/optformer

Primary LanguageJupyter NotebookApache License 2.0Apache-2.0

OptFormer: Transformer-based framework for Hyperparameter Optimization

This is the code used for the paper Towards Learning Universal Hyperparameter Optimizers with Transformers (NeurIPS 2022).

Installation

All base dependencies can be installed from requirements.txt. Afterwards, T5X must be manually installed.

Usage

Pre-trained OptFormer as a Policy (Example Notebook)

To use our OptFormer pre-trained individually on public BBOB and HPO-B benchmarks, follow the steps:

  1. (Optional) Download the model checkpoint from gs://gresearch/optformer/model_checkpoints for faster loading.
  2. Load the model checkpoint into the InferenceModel, as shown in policies_test.py.

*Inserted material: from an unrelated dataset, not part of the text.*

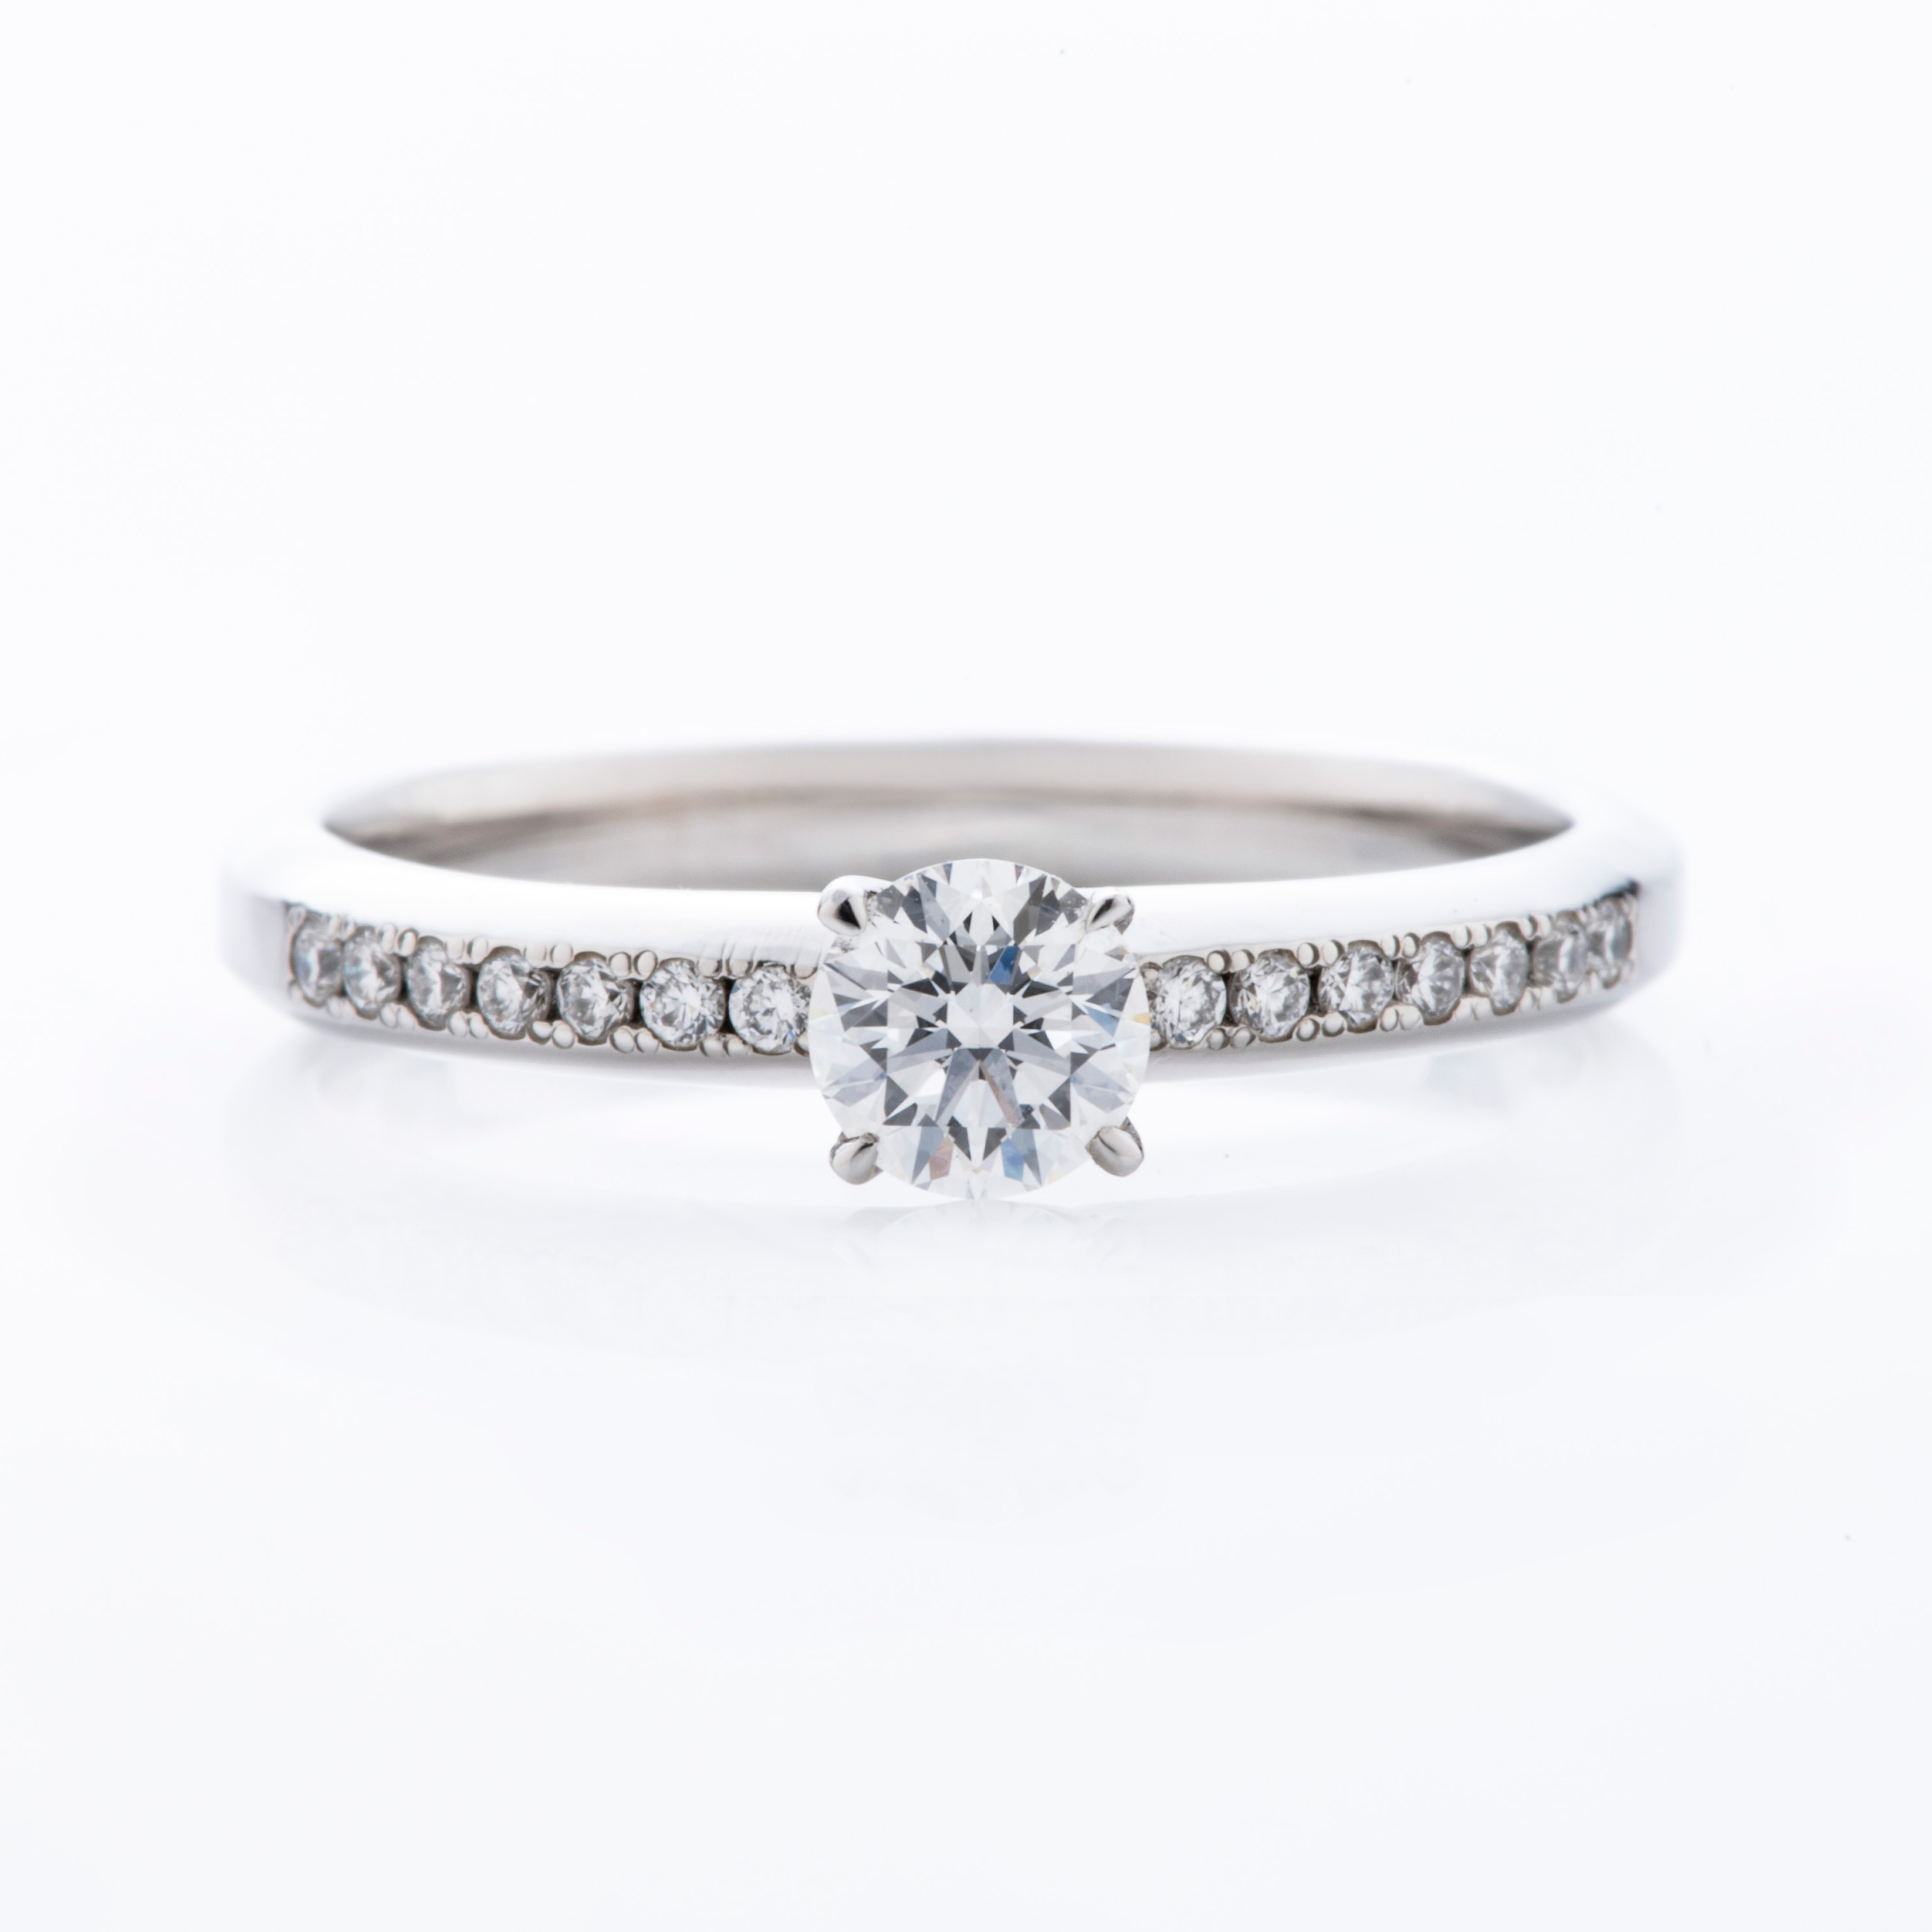 ブライダル | 福井の婚約指輪・結婚指輪 ジュエリー・スカラベ | 宝石、婚約指輪（エンゲージリング）結婚指輪（マリッジリング）の販売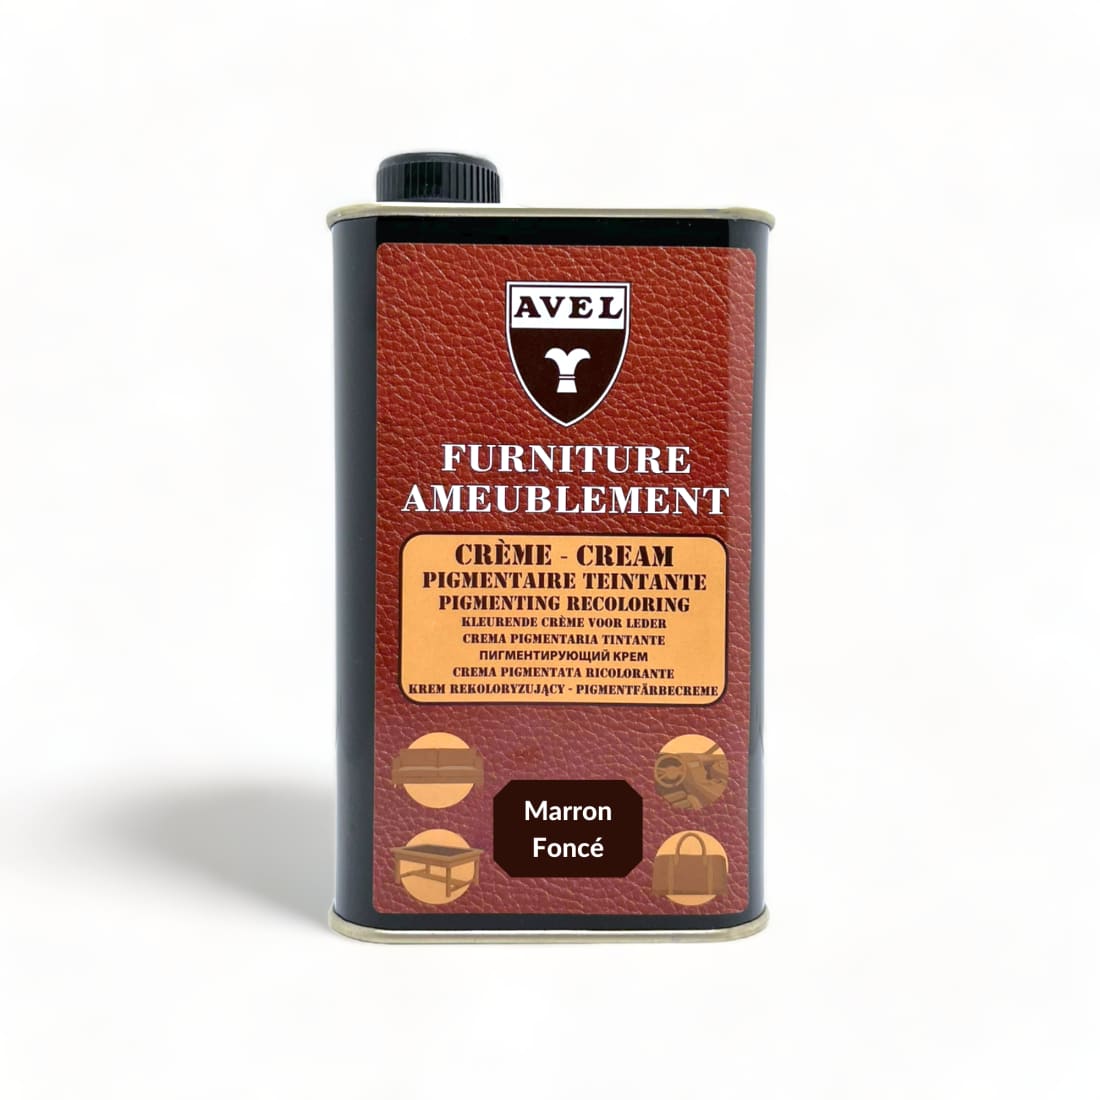 Crème Pigmentaire Teintante Marron Foncé - Avel - 375 ml -

The InferenceModel will then be wrapped into the OptFormerDesigner, which follows the same API as a OSS Vizier standard Designer.

Training the OptFormer

To train an OptFormer model, the data will need to consist of a large collection of studies. This data may come from two sources:

  1. Our generated dataset, in the form of a Tensorflow Dataset (TFDS), which can be found in [TODO]. Training using this data converged to the model checkpoint found above.
  2. Custom user-generated studies, which can be done using OSS Vizier's benchmarking pipeline.

Paper Results

Numerical results used in the paper (for e.g. plotting and comparisons) can be found in the results folder.

Citation

If you found this codebase useful, please consider citing our paper. Thanks!

@inproceedings{optformer,
  author    = {Yutian Chen and
               Xingyou Song and
               Chansoo Lee and
               Zi Wang and
               Qiuyi Zhang and
               David Dohan and
               Kazuya Kawakami and
               Greg Kochanski and
               Arnaud Doucet and
               Marc'Aurelio Ranzato and
               Sagi Perel and
               Nando de Freitas},
  title     = {Towards Learning Universal Hyperparameter Optimizers with Transformers},
  booktitle = {Neural Information Processing Systems (NeurIPS) 2022},
  year      = {2022}
}

Disclaimer: This is not an officially supported Google product.